Washington University.
Lewis E. Berman, PhD, MS
April 15, 2013
Abstract
Lower survey and study response rates and higher costs provide significant challenges to
carry out biomedical and public health research. Increasingly health studies desire larger sample
sizes in order to analyze illnesses that may occur with low prevalence in the population.
Moreover, sub-group delineation is required in order to assess illness in hard to reach groups or
those groups that may occur with lower frequency in the general population.
The increasing availability of electronic medical information may serve as the foundation
for automatically matching individuals with health researchers for the purposes of advancing
health research. As electronic health records become the norm in the delivery of care, the record
and feature space for this data will become quite large. This will provide the basis for accurately
matching individuals with health researchers and projects.

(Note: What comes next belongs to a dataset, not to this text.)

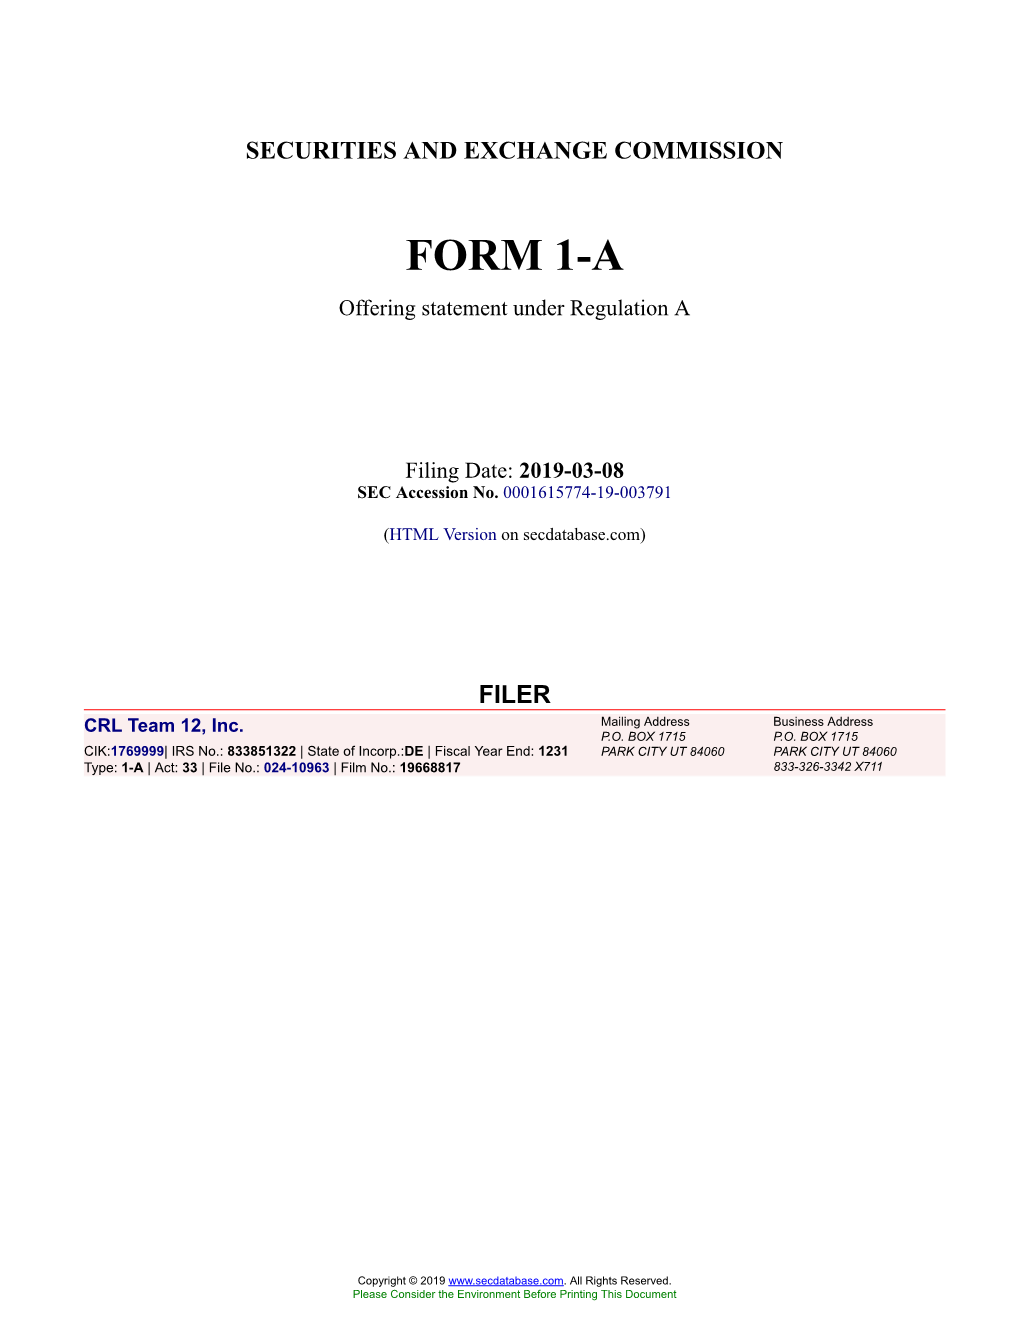 CRL Team 12, Inc. Form 1-A Filed 2019-03-08
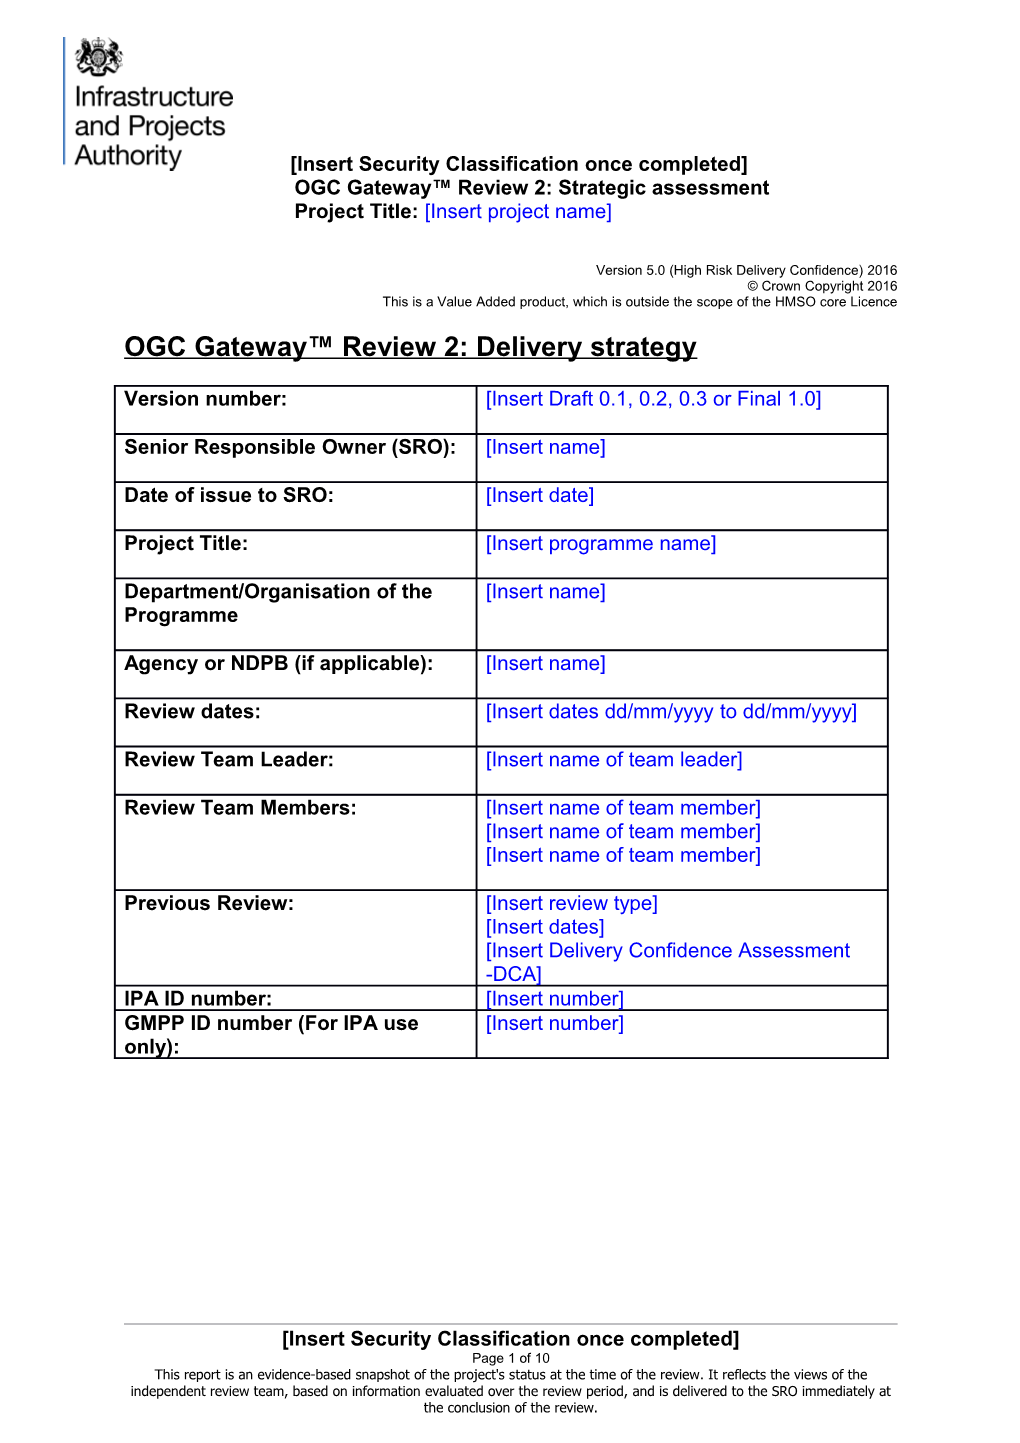 OGC Gateway Review 2: Strategic Assessment

This paper proposes a conceptual model to match individuals using filtering, data
reduction, and similarity coefficients. The filtering and data reduction steps reduce the scale of
the problem from a computational perspective. A simulation of the conceptual model is
illustrated. The findings from the simulation demonstrate that the record and feature space can be
significantly reduced and automated.
1 Introduction
There has been an increase in the demand for information access due to the widespread
use and ubiquitous nature of the Internet. Concurrently, medicine has undergone significant
change in equipment, procedures, treatments, monitoring, and specialization. In addition, the
federal government of the United States (U.S.) is investing in health information technology
(HIT) and electronic health records (EHR) with the hope that it will improve health [1].
Currently, individuals self-select into online health communities or pre-defined groups.
An alternative to self-selection is automated formation of health communities using medical
measurements. In essence, a “matchmaking mechanism” between patients can be automated
using medical measurements from an electronic health record [2, page 6]. While matching may
be done for social support, it may also be done for the purposes of health research.
1.1 Problem Statement
A common problem across disparate disciplines is matching and grouping objects based
on feature similarity. This is a classification. In the biological sciences, classification has been
emphasized to develop taxonomies such as the well-defined classification of the animal kingdom.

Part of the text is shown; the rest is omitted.